Table 1.  Summary of surface area, porosity characteristics, water uptake, and gas adsorption capacities of MIL-53-Fum-Cl and MIL-53-Fum

The CO₂ versus CH₄ selectivity was calculated for a 50 : 50 (v/v) CO₂/CH₄ mixture at 273 K and 1 bar pressure. Applying IAST (ideal adsorbed solution theory) calculations on Toth-fitted isotherms yielded a selectivity of CO₂ over CH₄ (S_CO2/CH4) value of 8.5 for MIL-53-Fum-Cl, approximately twice the value of 4.5 for MIL-53-Fum (calculation details in the Supplementary Material).

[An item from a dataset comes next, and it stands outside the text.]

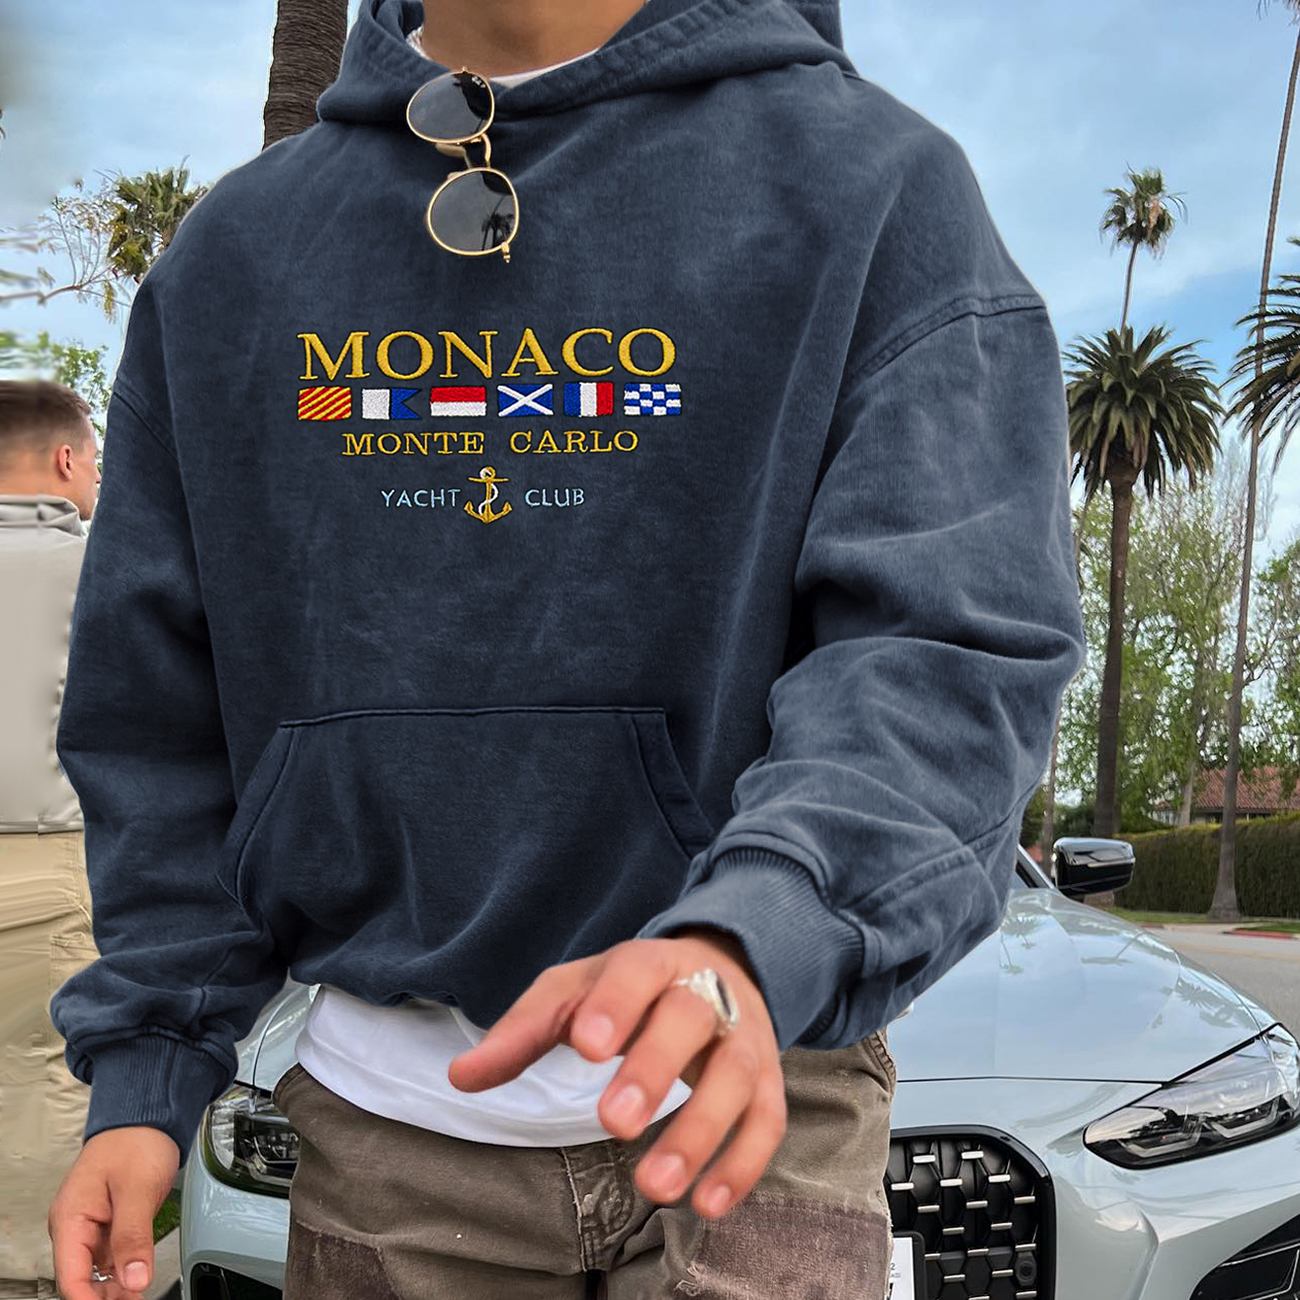 yacht club de monaco clothing

MIL-53-Fum-Cl shows a non-reversible S-shaped water vapour adsorption isotherm with a considerable hysteresis loop between the adsorption and desorption branches (Fig. 8). In the case of MIL-53-Fum, the S-shaped water adsorption isotherm is characterized by a steep increase in the narrow pressure range P/P₀ = 0.2–0.3, with the isotherm reaching a plateau, and uptake capacity of 410 mg g⁻¹ at P/P₀ = 0.9. Unlike MIL-53-Fum, MIL-53-Fum-Cl shows a fairly gradual water uptake without reaching a plateau to a water uptake capacity of 300 mg g⁻¹ at P/P₀ = 0.9. The water adsorption behaviour of MIL-53-Fum-Cl can be explained by strong H₂O–MOF interactions due to the presence of polar chlorine groups on the surface. The different shape of the desorption branch relative to the adsorption one indicates partial deterioration of the framework during water sorption. This was verified by a decrease in the surface area after water sorption from 800 to 570 m² g⁻¹, although the PXRD pattern post water sorption showed retention of crystallinity (see Fig. S12 in Supplementary Material).

Fig. 8.  Water vapour sorption isotherms of MIL-53-Fum-Cl (green) in comparison with MIL-53-Fum (blue) at 20°C (filled symbols: adsorption; empty symbols: desorption).

In summary, the in situ hydrohalogenation of acetylenedicarboxylic acid in the presence of AlCl₃·6H₂O under acetic acid modulation was shown to be a route for obtaining chloro-functionalized aluminium fumarate. The modified aluminium fumarate (MIL-53-Fum-Cl) features enhanced gas uptake capacity, affinity, and CO₂ versus CH₄ selectivity relative to the non-functionalized MOF, which highlights the benefit of chlorination. This synthesis of the first functionalized version of aluminium fumarate paves the way to other possible functionalization of this important adsorbent as a means to improving its properties.

Experimental details including materials used, syntheses, methods; infrared, Raman, NMR, EDX, and XP spectra; PXRD in the chemical stability test; nitrogen sorption isotherms; fitting of gas adsorption isotherms, and selectivity calculations are available on the Journal’s website.

The authors declare no conflicts of interest.